== Segment start ==

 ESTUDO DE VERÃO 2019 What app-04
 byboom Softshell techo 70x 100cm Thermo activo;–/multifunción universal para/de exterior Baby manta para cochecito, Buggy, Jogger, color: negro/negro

== Segment end ==
== Segment start ==

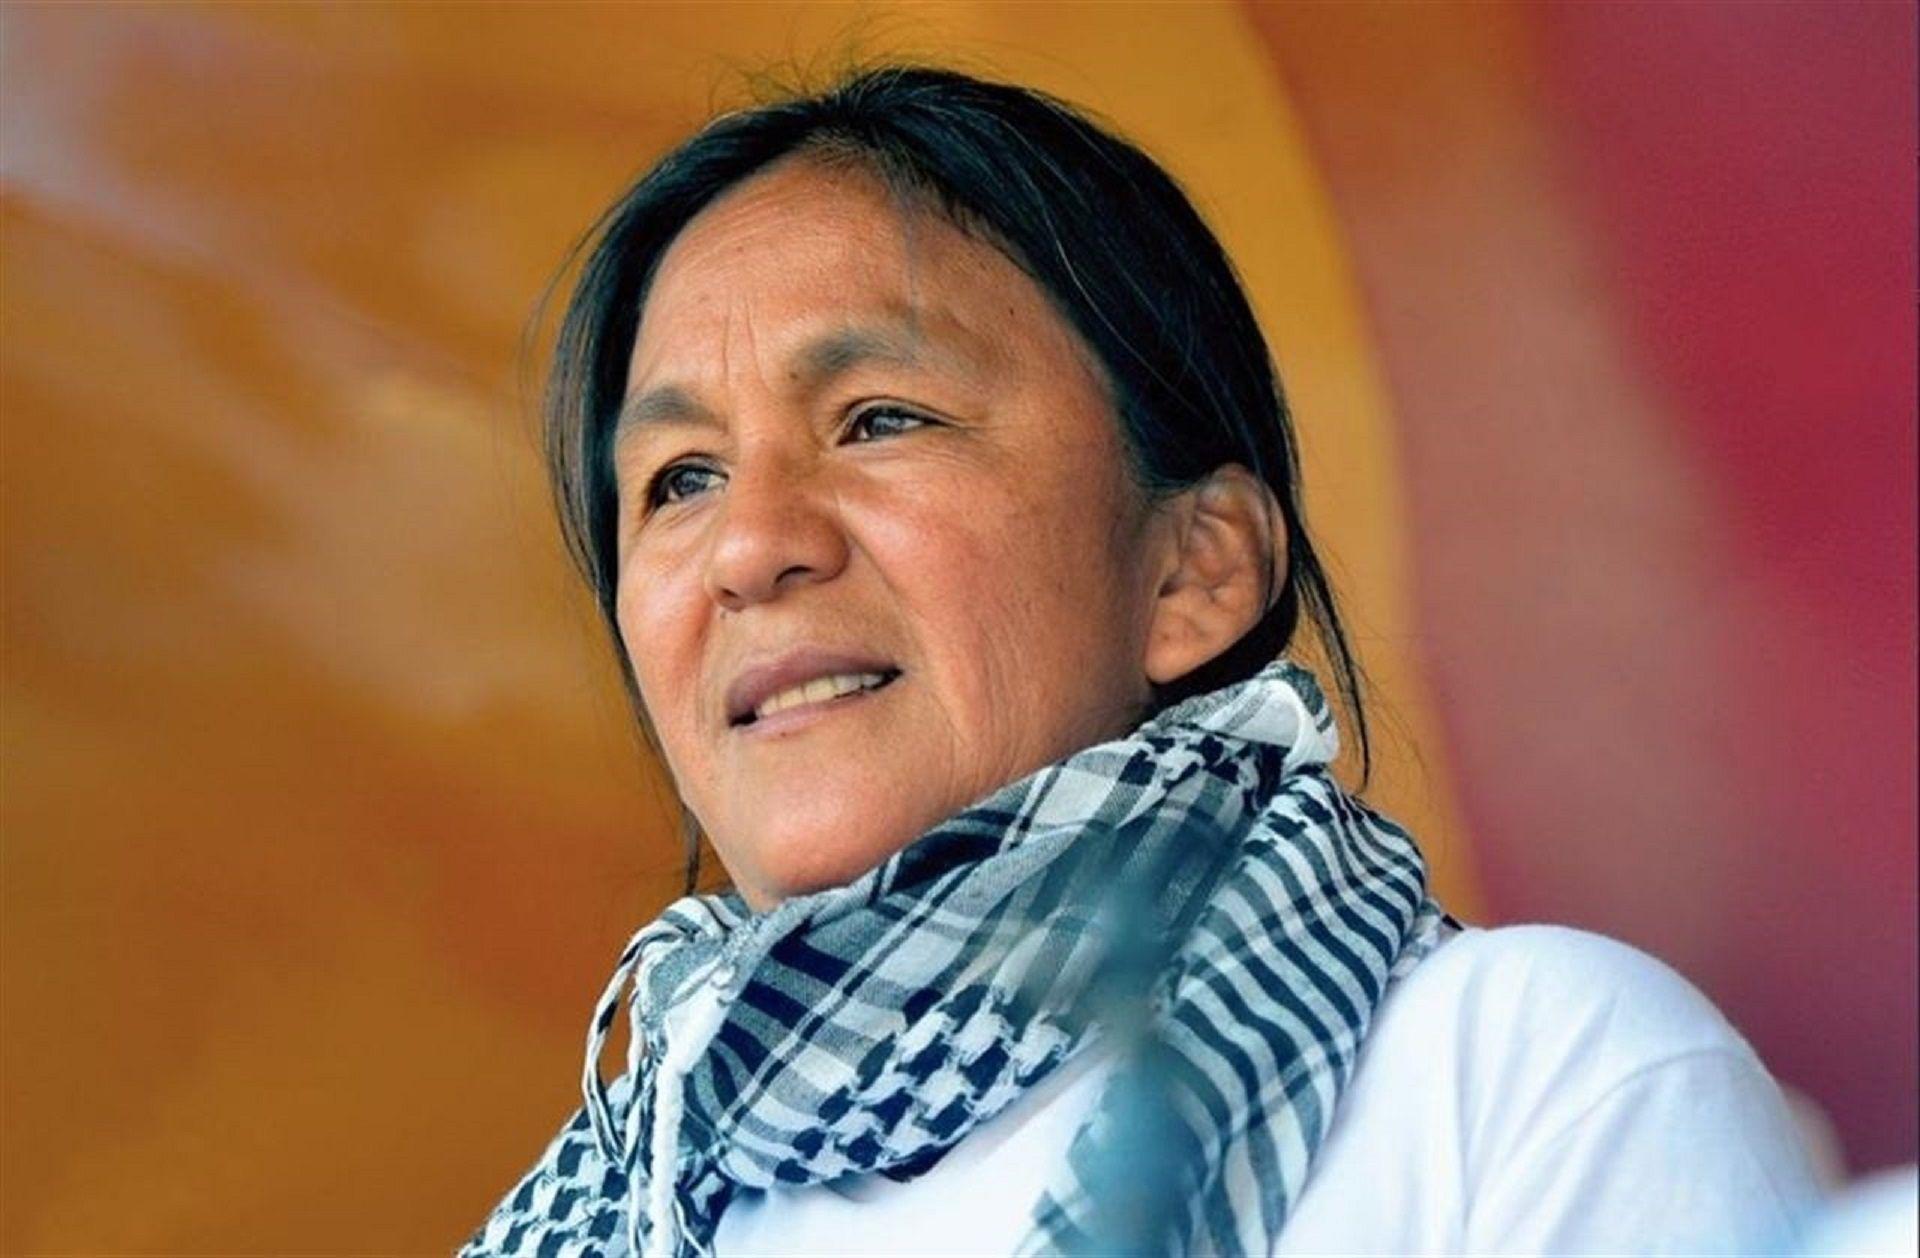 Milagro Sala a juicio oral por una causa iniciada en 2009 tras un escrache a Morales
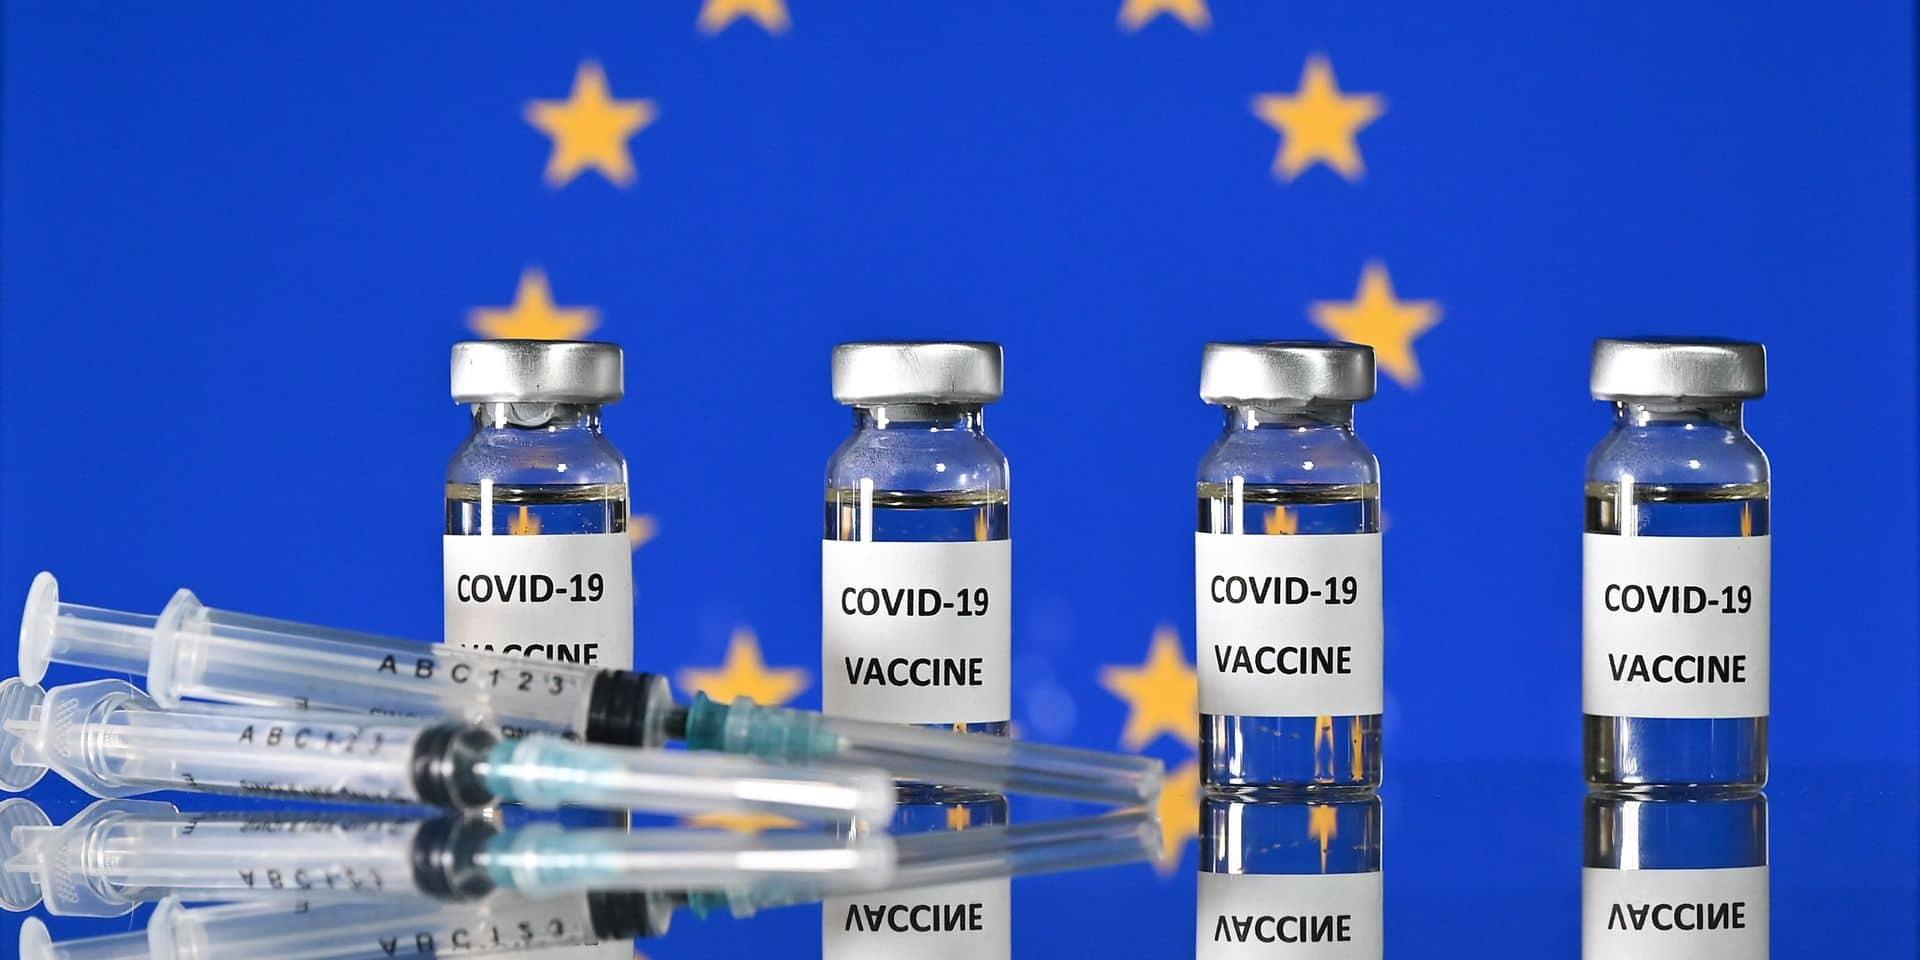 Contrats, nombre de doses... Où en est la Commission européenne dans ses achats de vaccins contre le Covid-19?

== Segment end ==

▶ _PROMPT_: Out of the material above, output word for word the line with "ESTUDO DE VERÃO 2019 What app-04", the line with "byboom Softshell techo", and all lines between them, with nothing else.

▶ _SOLUTION_:
 ESTUDO DE VERÃO 2019 What app-04
 byboom Softshell techo 70x 100cm Thermo activo;–/multifunción universal para/de exterior Baby manta para cochecito, Buggy, Jogger, color: negro/negro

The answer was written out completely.